The first gift I gave my son was music. He was only a few weeks old when my wife asked me to put together some mixed CDs for her middle-of-the-night feeding sessions. Every night after work for a solid week I'd seclude myself in the dormer attic study, meticulously combing through my CD collection in search of tracks that might soothe the boy while also helping my wife get through the night. I threw myself completely into the task. This was during the Middle Ages of music, after the demise of cassettes and vinyl, but before the advent of on-line streaming and playlists. Which is to say it took a while to burn the CDs. I probably spent two to three hours a night up there.
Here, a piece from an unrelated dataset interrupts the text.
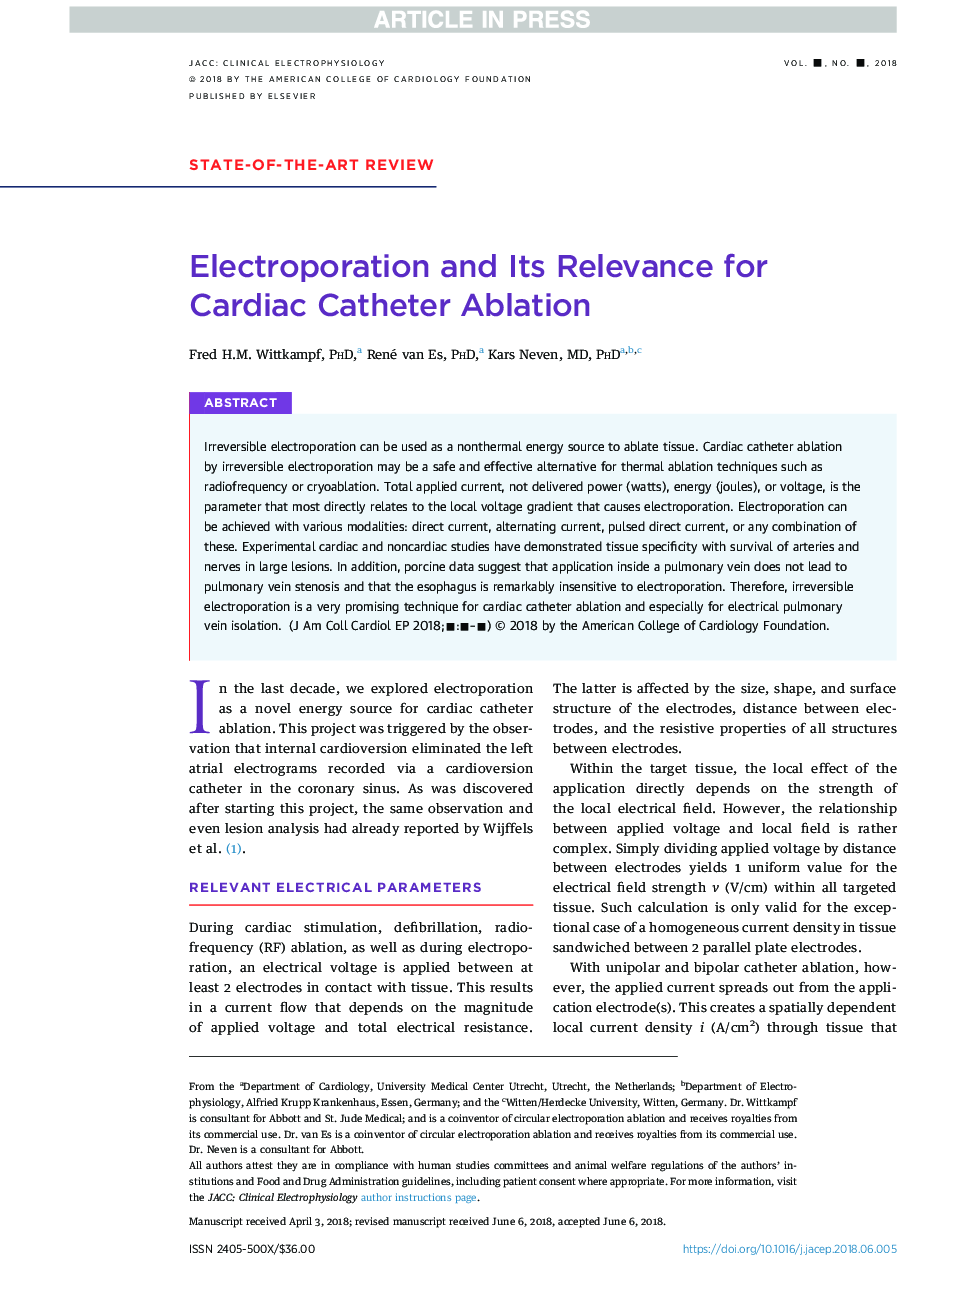 Electroporation and its Relevance for Cardiac Catheter Ablation

But I relished the exercise, eventually burning 12 CDs, nearly 15 hours of music.
Clearly the project became more for me than just compiling a few mixes. It felt like my first opportunity to shape who my son would be—to form his musical tastes. Like the Simpsons episode where Homer falls asleep listening to an instructional French tape and wakes up fluent, I hoped that through my son’s late-night listening, I could subliminally give him a solid foundation in rock ‘n roll and, I dared imagine, immunize him against pop.
I had some early doubts about the idea’s success. Early on, my wife told me that our son seemed disturbed by Dylan’s harmonica solo at the end of “It’s All Over Now, Baby Blue” from Live 1966. Apparently, the high pitch of the harmonica was bothering the boy, causing him to twitch and fuss. She said she had to skip the track. Skip it? It was a crushing blow. I treasure that solo. It is precisely its wailing, piercing pitch, its haunting, other-worldly quality that makes it remarkable. That our son, even at three weeks, couldn't recognize its dark beauty concerned me.
When I reflect back on burning those CDs, it occurs to me that it was the first time I did something for my son that went beyond the basics of feeding or changing a diaper.
I still have those CDs and will give them to my son one day as a keepsake—my first effort to give him a piece of his dad to have and to hold. And one day I may even summon the courage to ask him what he thinks of Dylan’s harmonica solo on “It’s All Over Now, Baby Blue.”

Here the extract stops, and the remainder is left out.